Burned Area Rehabilitation

The Burned Area Rehabilitation Program supports efforts to repair or improve burned landscapes unlikely to recover without human assistance.

A recently burned area showing burned trees and blackened soil.

A recently burned area. Photo by USGS. 


Quick Facts

$20.5 million: money spent by this program in Fiscal Year 2023

Recent burned area rehabilitation work: 

  • Replanted more than 300 acres of native vegetation affected by wildfires that burned in Hawaii, Washington, and Arizona.
  • Surveyed and treated 27 wilderness campsites in Rocky Mountain National Park impacted by the Cameron Peak and East Troublesome fire.  
  • Repaired more than 100 miles of trails in Lassen Volcanic National Park damaged by the Dixie wildfires that burned in California in 2021.  
  • Supported post-wildfire giant sequoia recovery within Sequoia and Kings Canyon National Parks. 

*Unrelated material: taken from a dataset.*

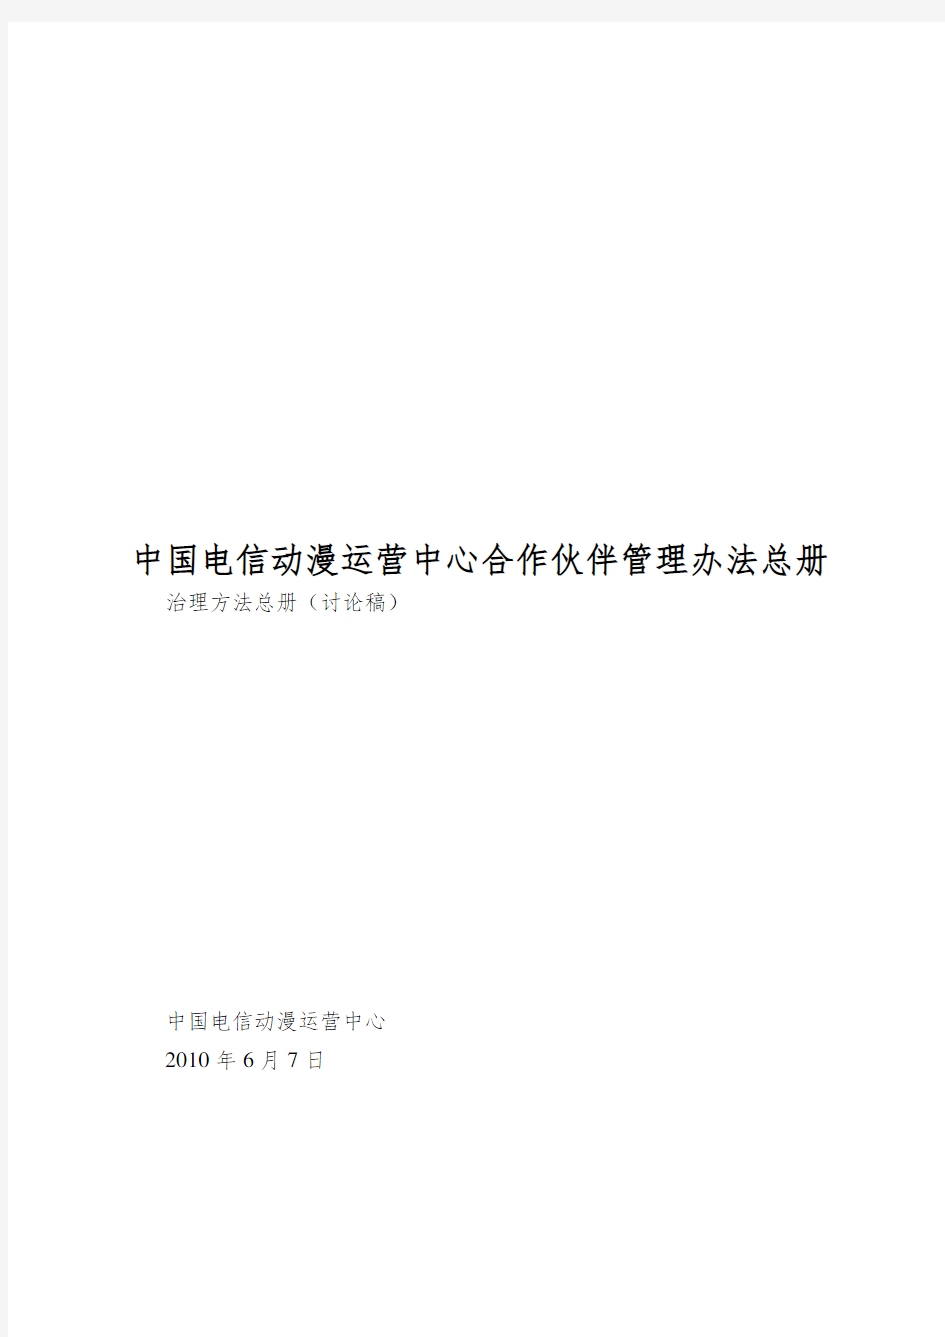 中国电信动漫运营中心合作伙伴管理办法总册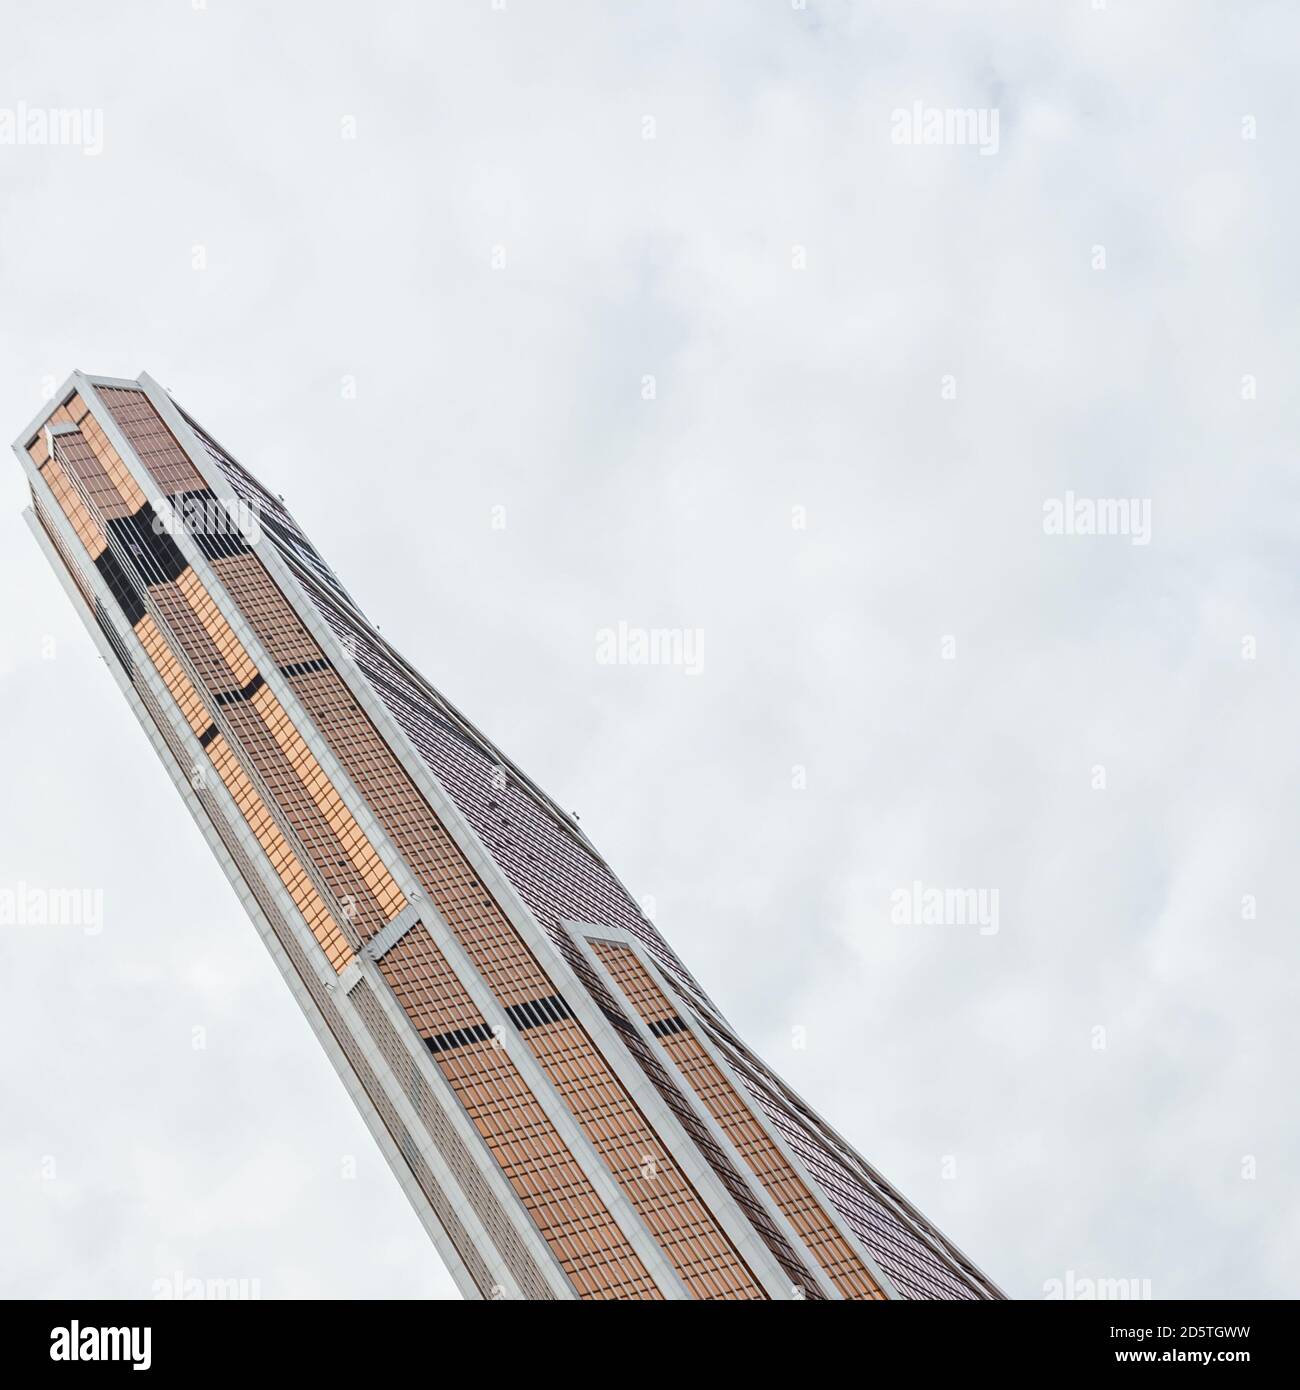 08 19 2020 Moskau, Russland. Die Spitzen der Wolkenkratzer Moskau-Stadt Stockfoto

Why is Rehabilitation Important?

Fire plays a natural and necessary role in many landscapes. Periodic low-intensity fires speed up forest decomposition and deliver nutrients to remaining plants. They build resilience to future fires by reducing vegetation and creating a mosaic of burned, partially burned, and unburned areas, which makes it less likely that future fires will torch an entire landscape. Some trees, like lodgepole pine, require the heat of flames to open their cones and disperse new seeds.

Not all landscapes react to fire in the same way. Sometimes wildfire burns so hot it incinerates everything over a large area, including the plant roots and other organic matter that stabilize the topsoil. This type of disturbance leaves an area vulnerable to erosion by floods or mudslides that can delay plant recovery for decades (or longer), reduce water quality, and possibly damage homes. Invasive plants pose another threat; if they outcompete native plants, they can transform a landscape and negatively affect people’s livelihoods, recreation, and wildlife.

In the first five years after a wildfire, our rehabilitation efforts work to prevent these problems and jump-start the landscape recovery process by:

  • Spreading native plant seeds or planting native seedlings. 
  • Applying herbicides to kill invasive plants, removing them by hand, or introducing bacteria to control them.
  • Using heavy equipment to disrupt the growth of targeted plant species or contour landscapes to control runoff.

This program also funds the repair or replacement of minor infrastructure damaged by a wildfire, such as small trail bridges, handrails, campgrounds, boat ramps, stock tanks, or informational kiosks.

Evaluation

The Department of the Interior assesses the effectiveness of rehabilitation treatments, frequently in collaboration with the U.S. Geological Survey, the U.S. Forest Service, and other scientific institutions. This U.S. Geological Survey study serves as an example of these types of assessments.